### Work item
Please restate the data that follows word for word, with the pictures left out.

### Exercise data
= = =

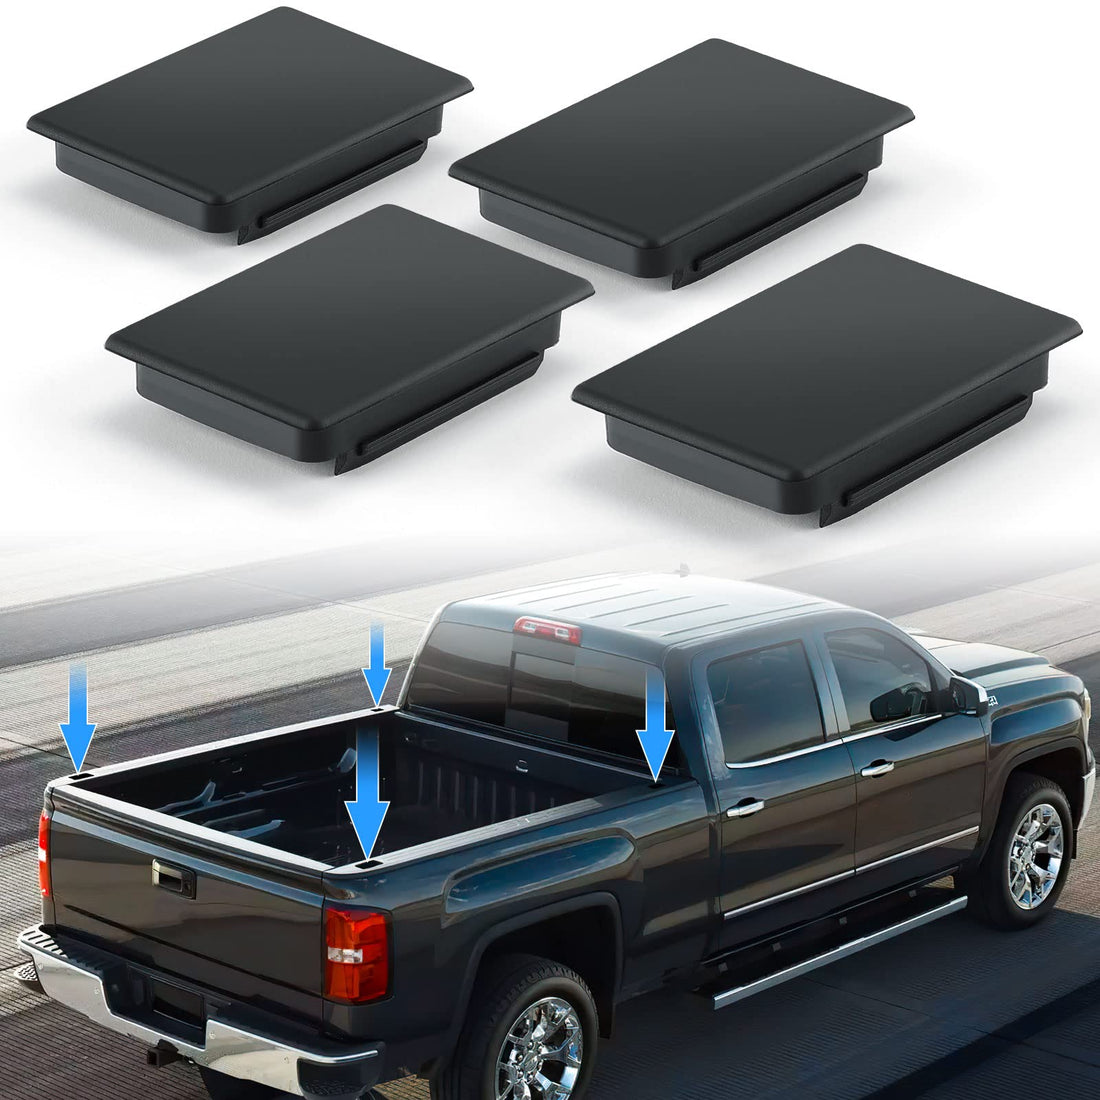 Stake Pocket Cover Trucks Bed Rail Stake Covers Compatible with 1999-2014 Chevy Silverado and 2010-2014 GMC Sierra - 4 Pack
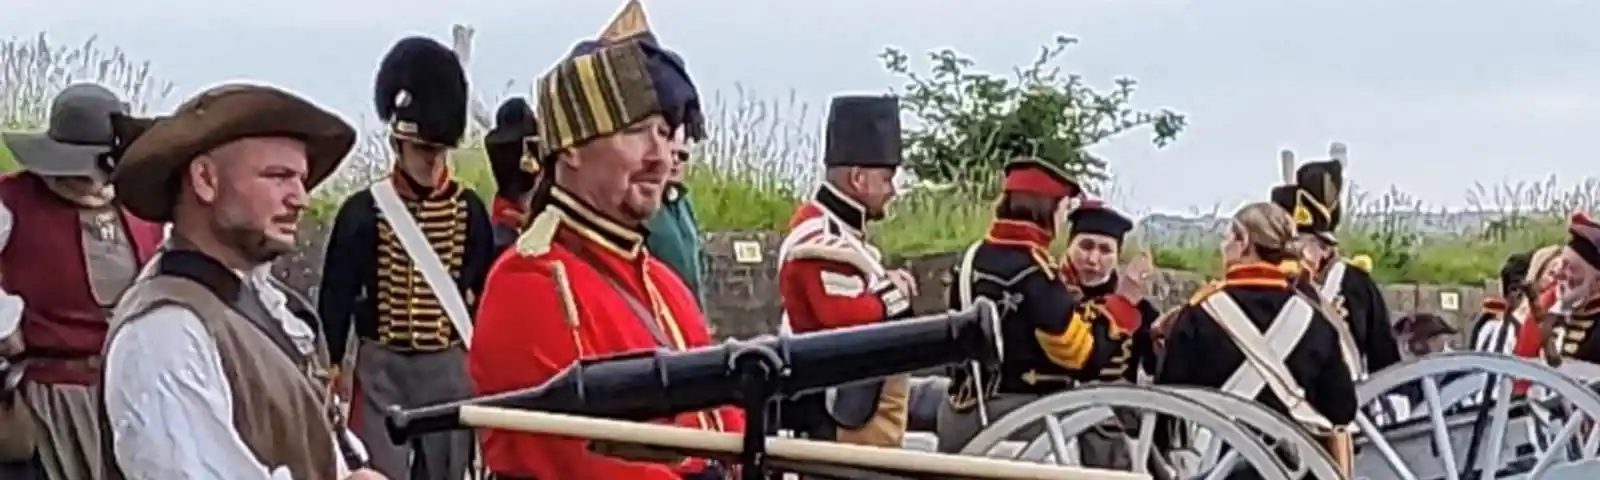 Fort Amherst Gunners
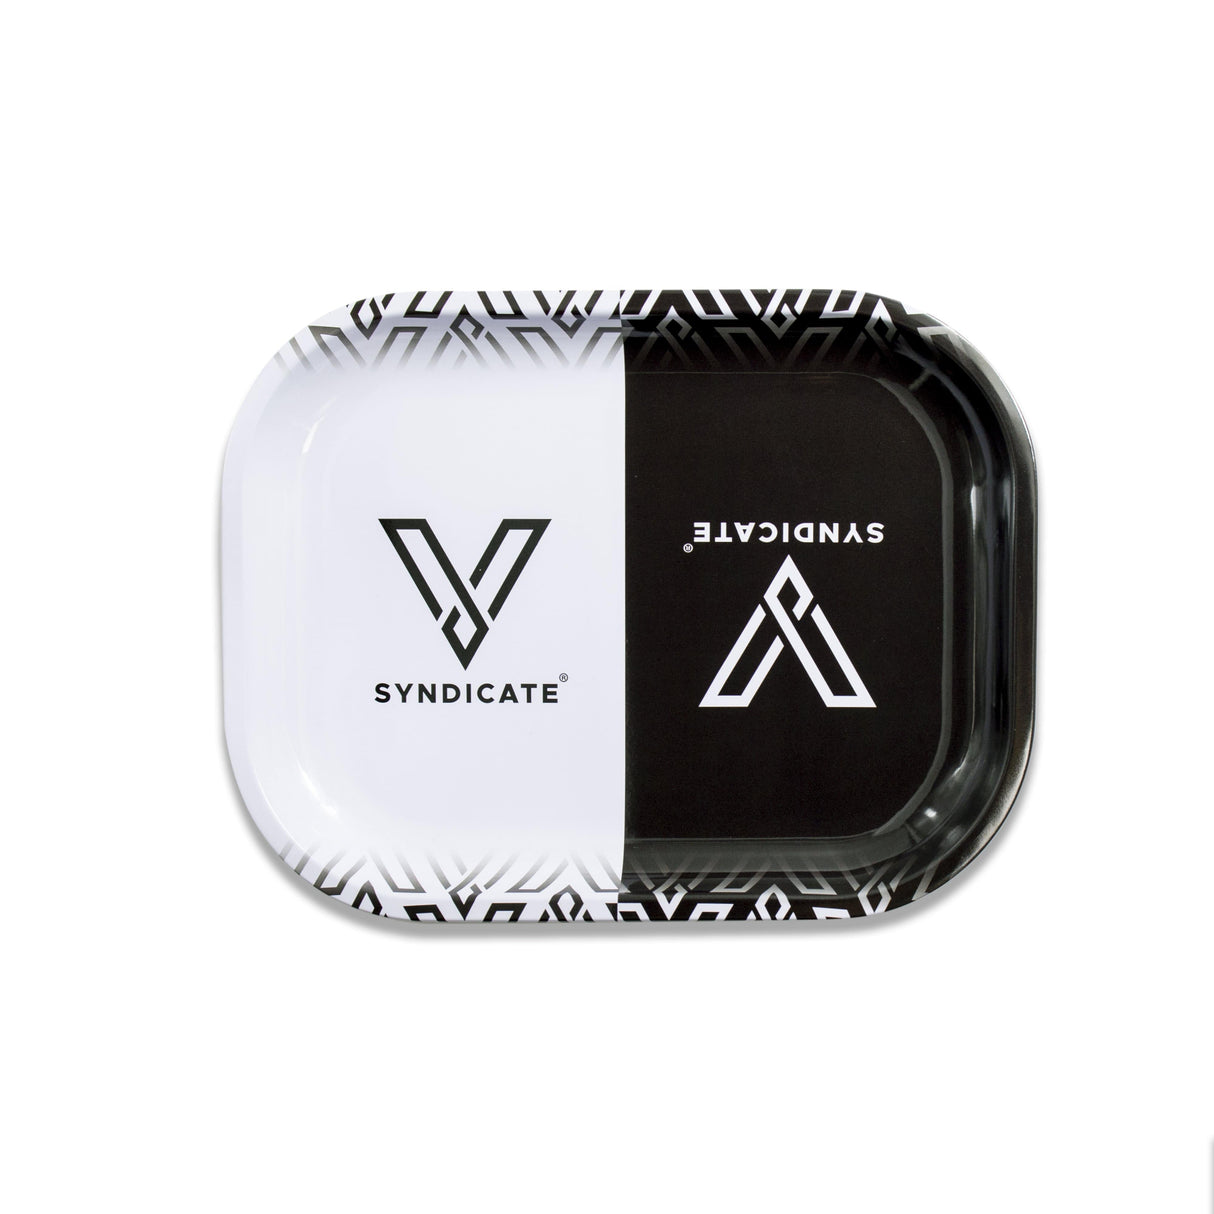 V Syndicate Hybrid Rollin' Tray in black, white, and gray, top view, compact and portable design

= = =

### Answer section
 Stake Pocket Cover Trucks Bed Rail Stake Covers Compatible with 1999-2014 Chevy Silverado and 2010-2014 GMC Sierra - 4 Pack
 Fort Amherst Gunners
 V Syndicate Hybrid Rollin' Tray in black, white, and gray, top view, compact and portable design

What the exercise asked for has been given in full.